Problem statement:
Copy exactly the lines of the material below that run from the one containing "互動日本語(互動光碟版)一年12期+3期+日本街頭巷尾最常用的日語會話實用篇" through the one containing "Cinturon de Cuero Designers Remix". Copy no other lines.

Extracted data:
▬▬▬▬▬▬
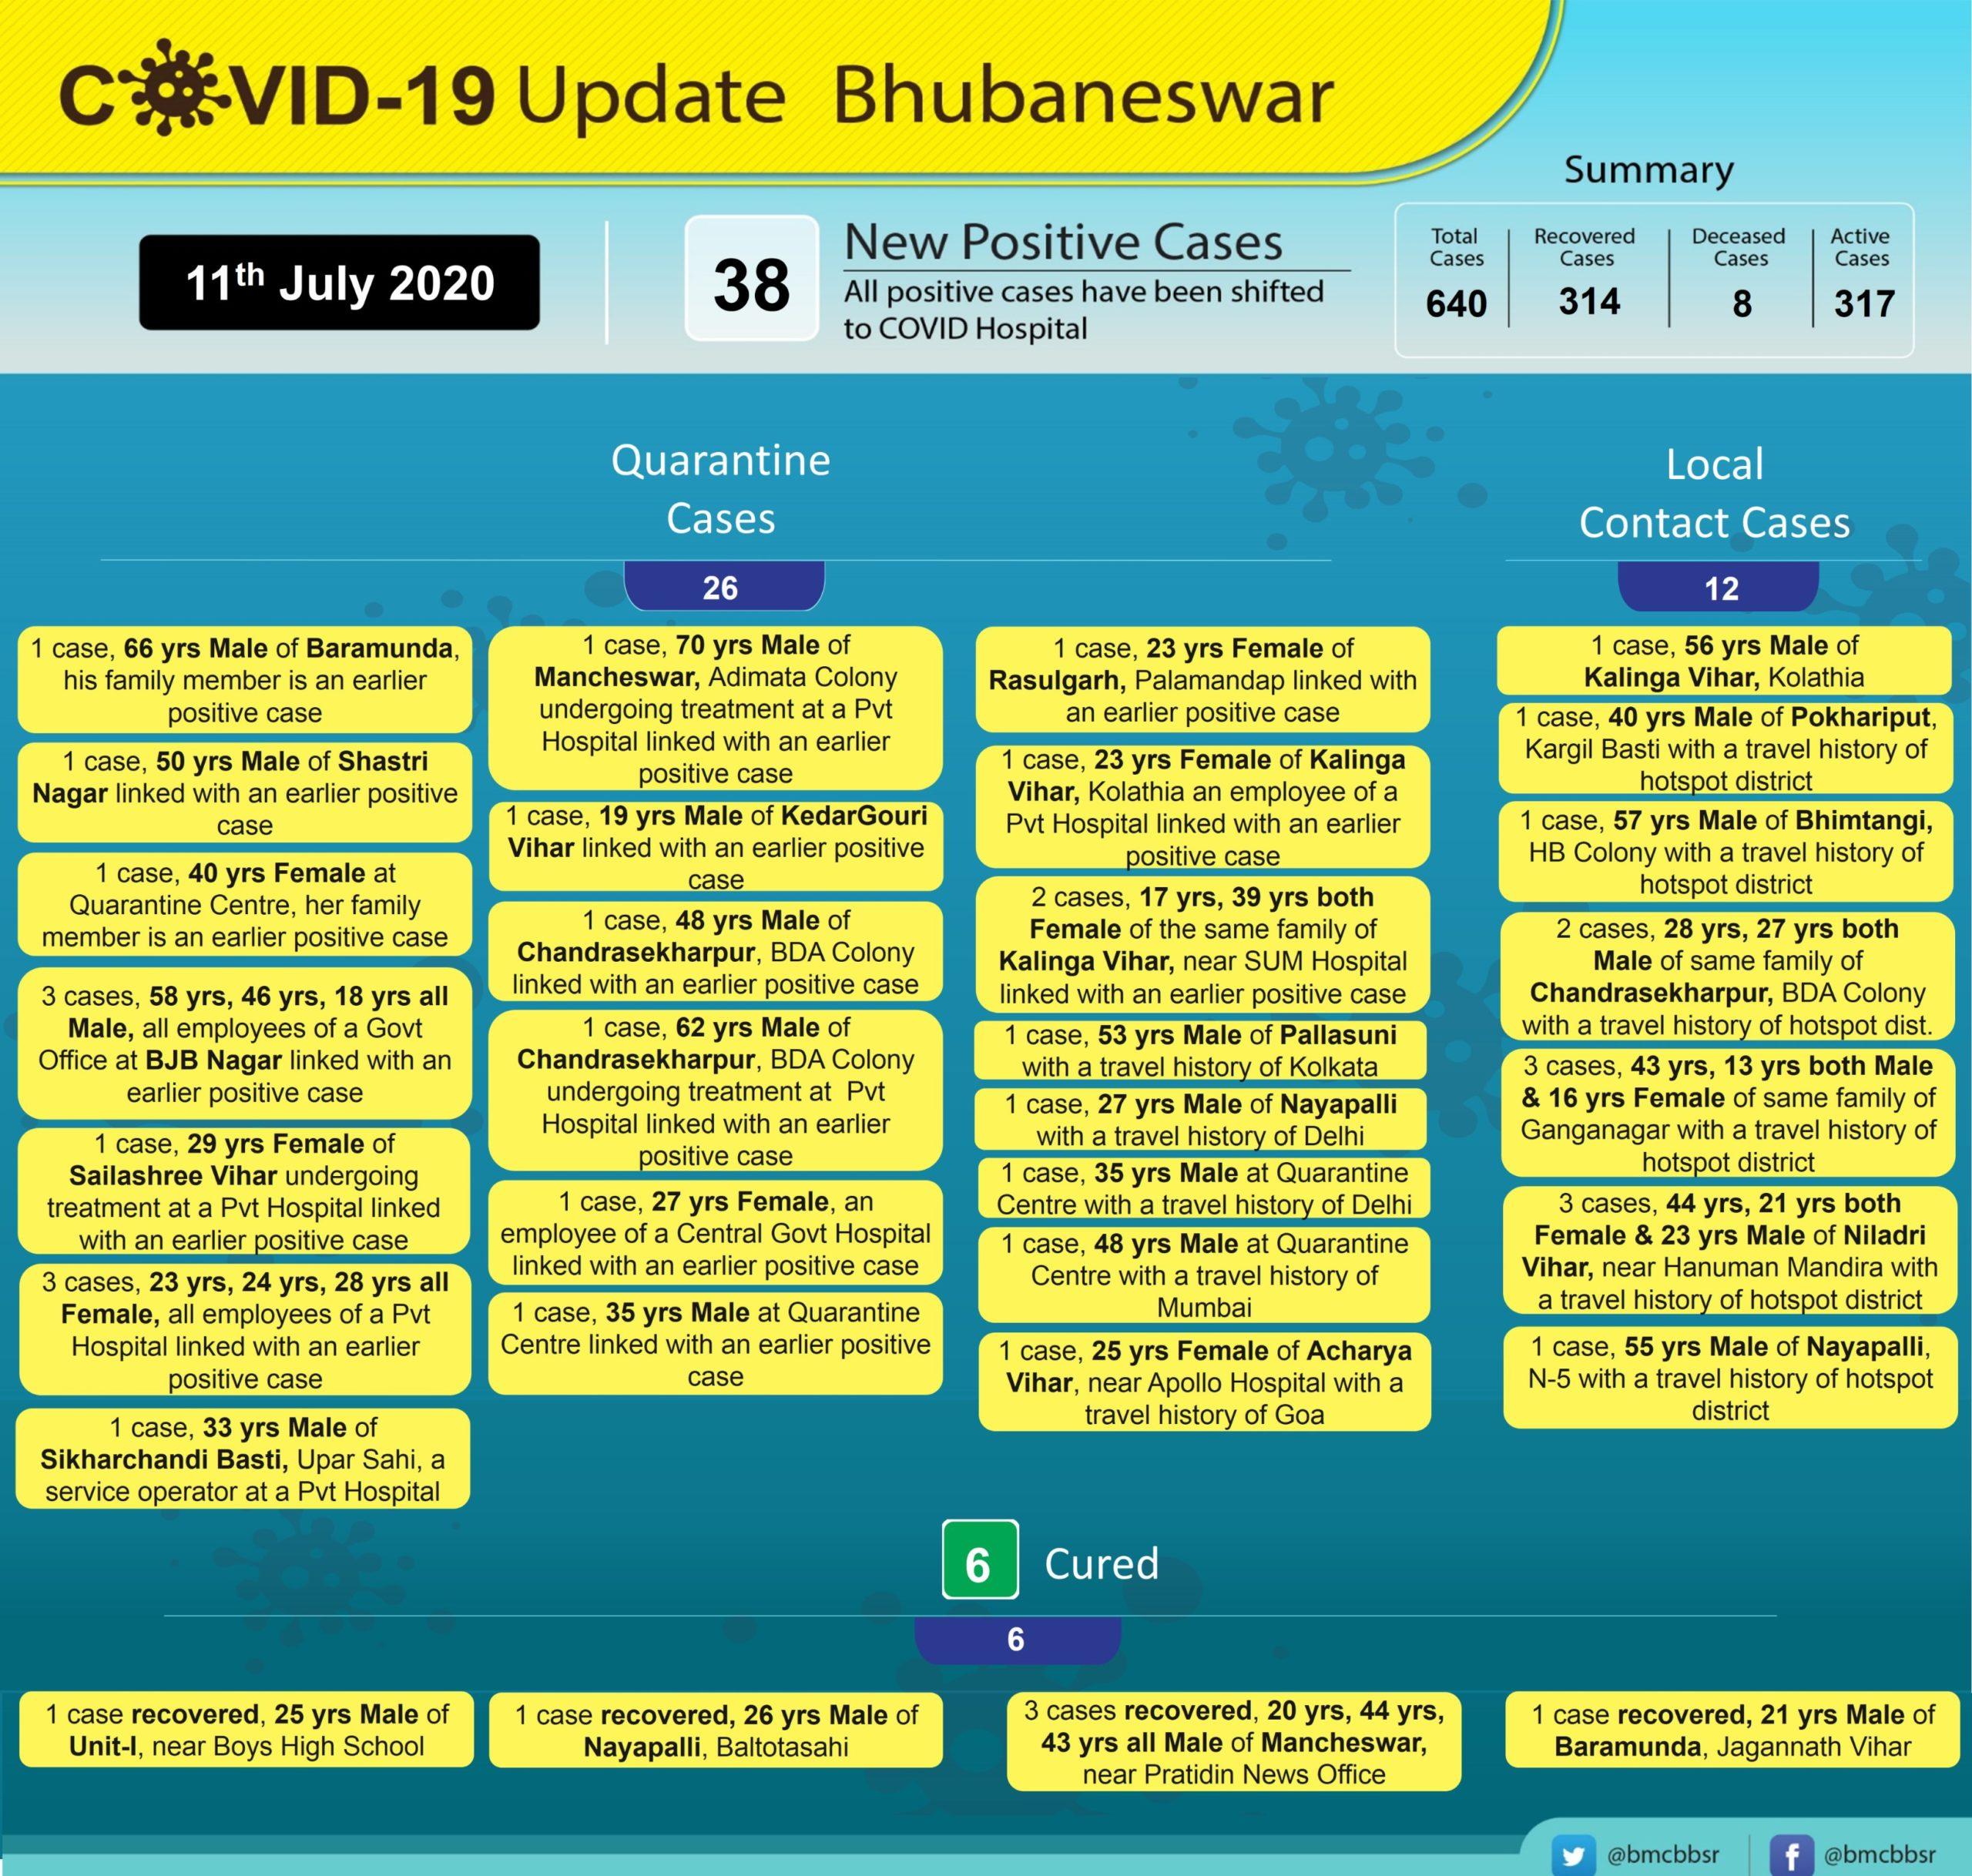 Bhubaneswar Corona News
▬▬▬▬▬▬
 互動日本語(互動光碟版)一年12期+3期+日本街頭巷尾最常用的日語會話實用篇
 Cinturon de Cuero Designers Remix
▬▬▬▬▬▬
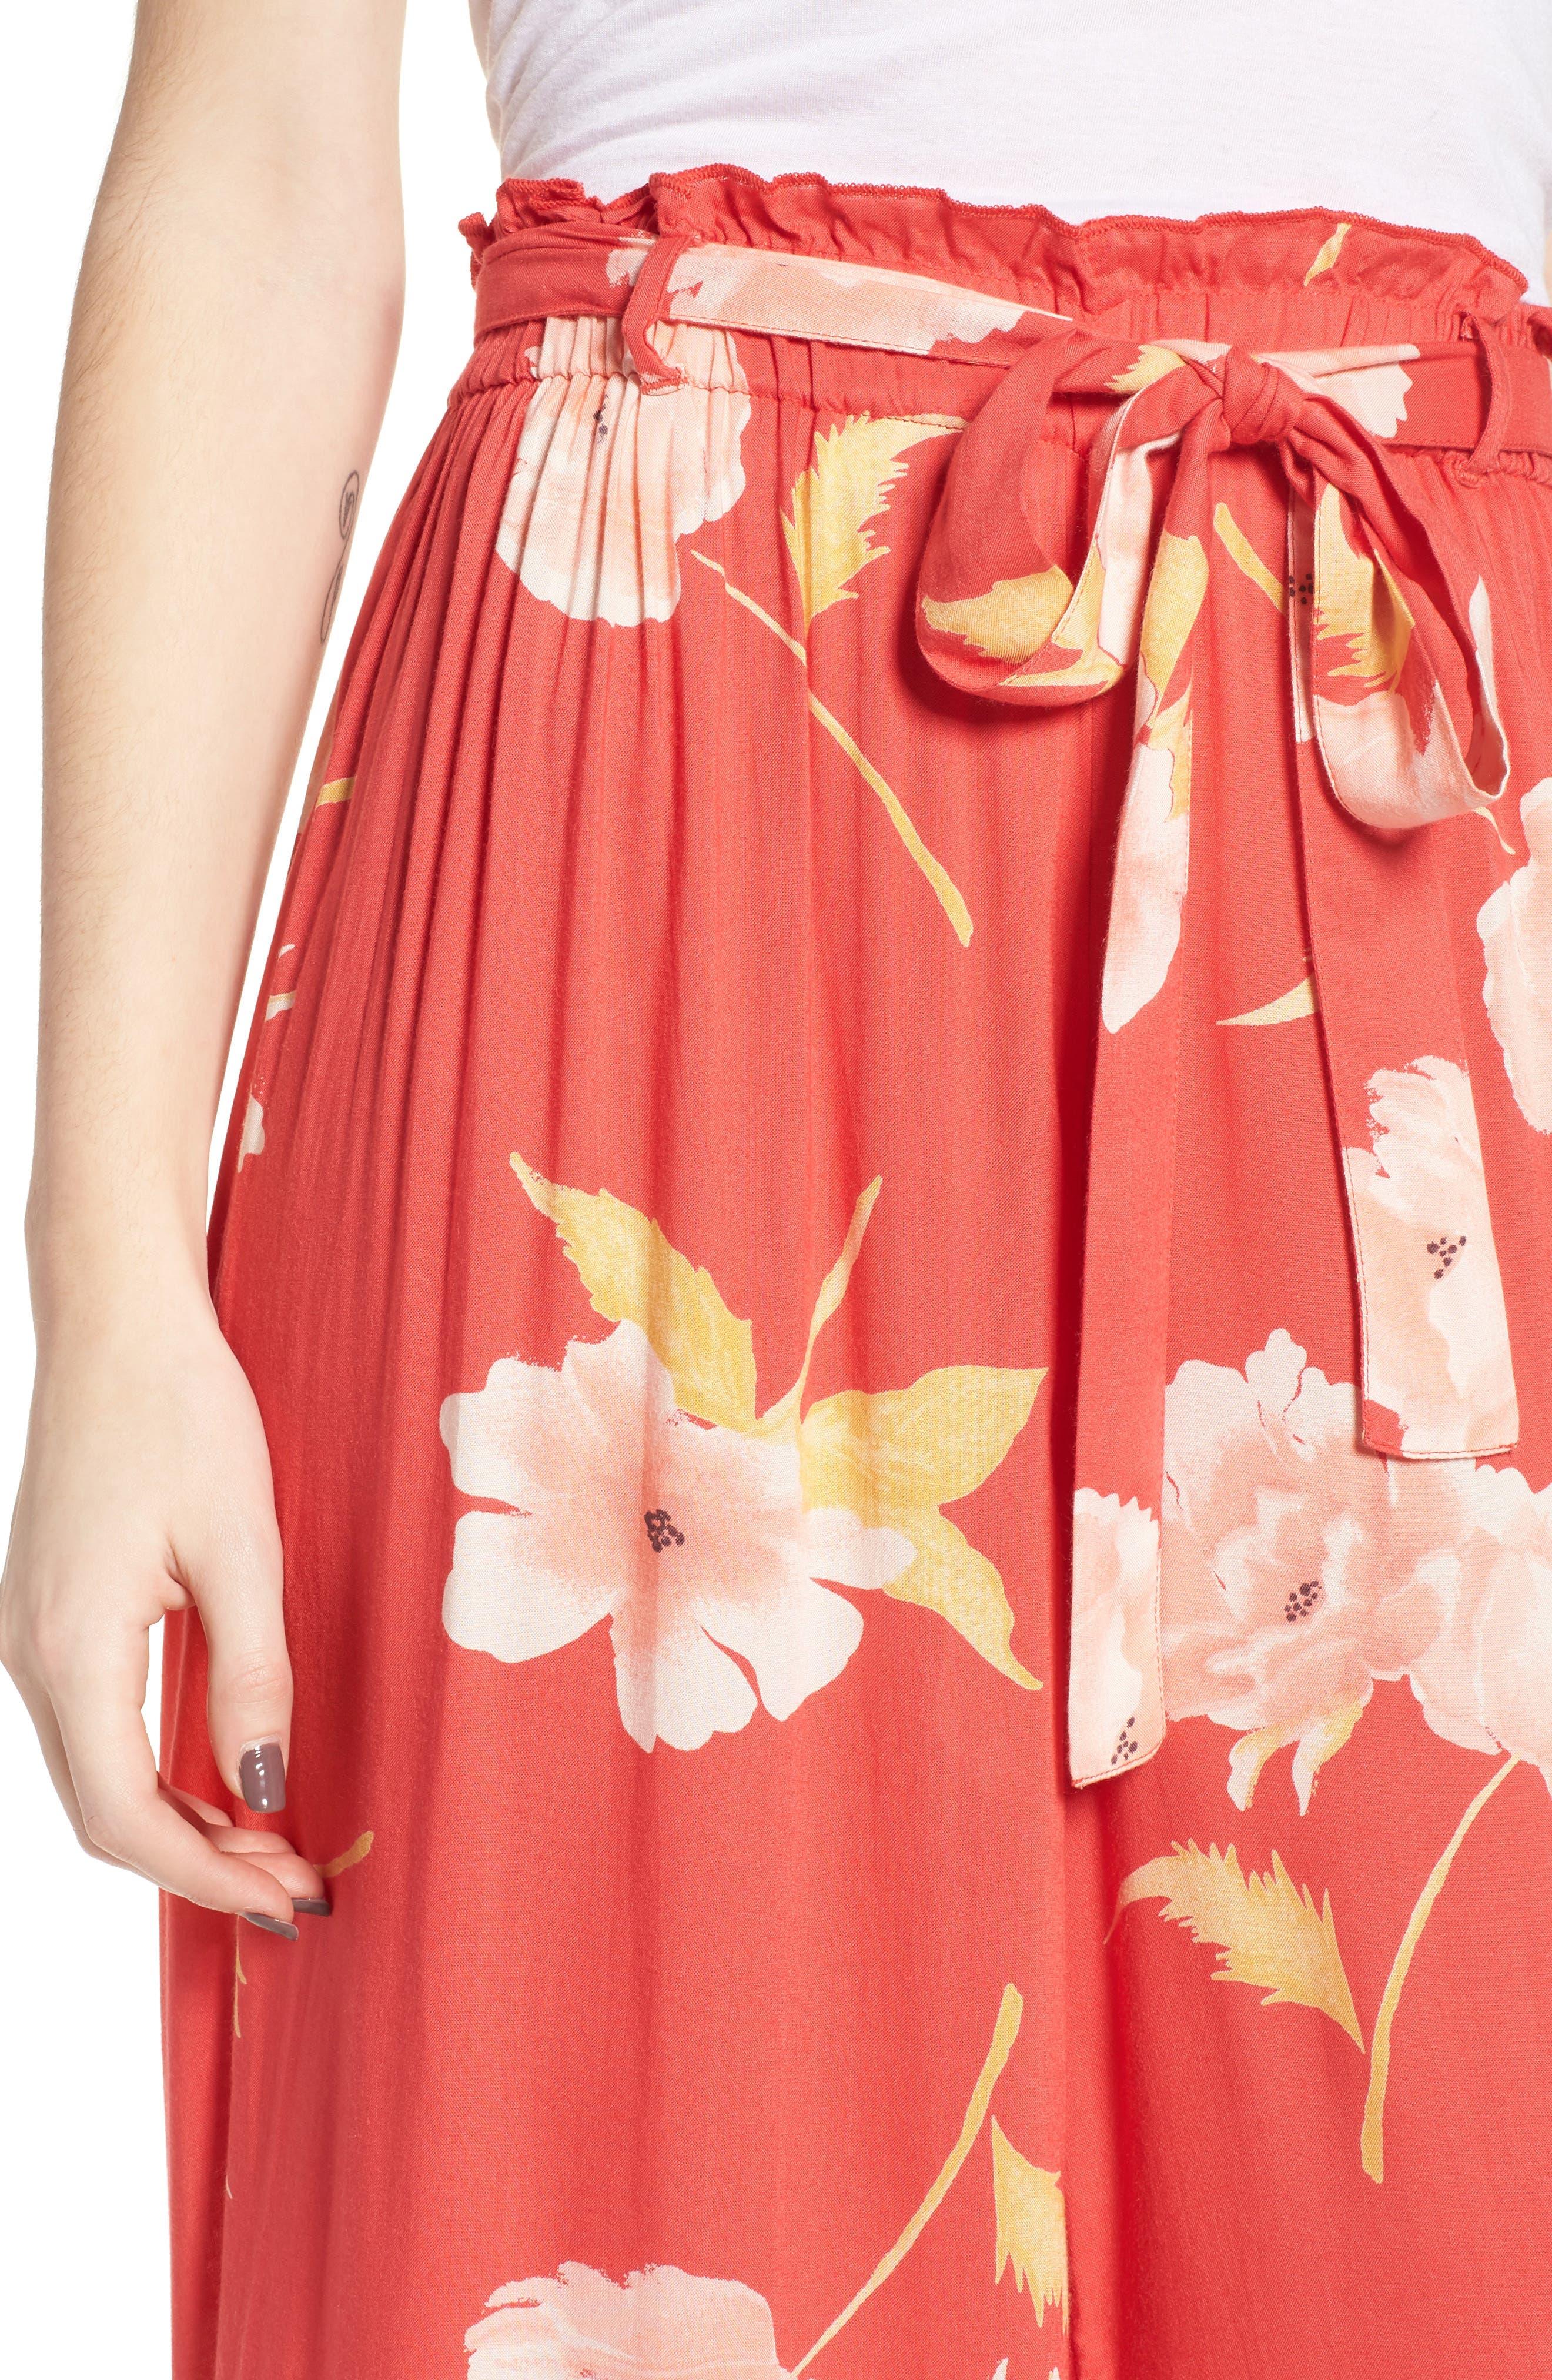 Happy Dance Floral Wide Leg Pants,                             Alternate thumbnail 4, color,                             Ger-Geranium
▬▬▬▬▬▬
Response to the exercise:
 互動日本語(互動光碟版)一年12期+3期+日本街頭巷尾最常用的日語會話實用篇
 Cinturon de Cuero Designers Remix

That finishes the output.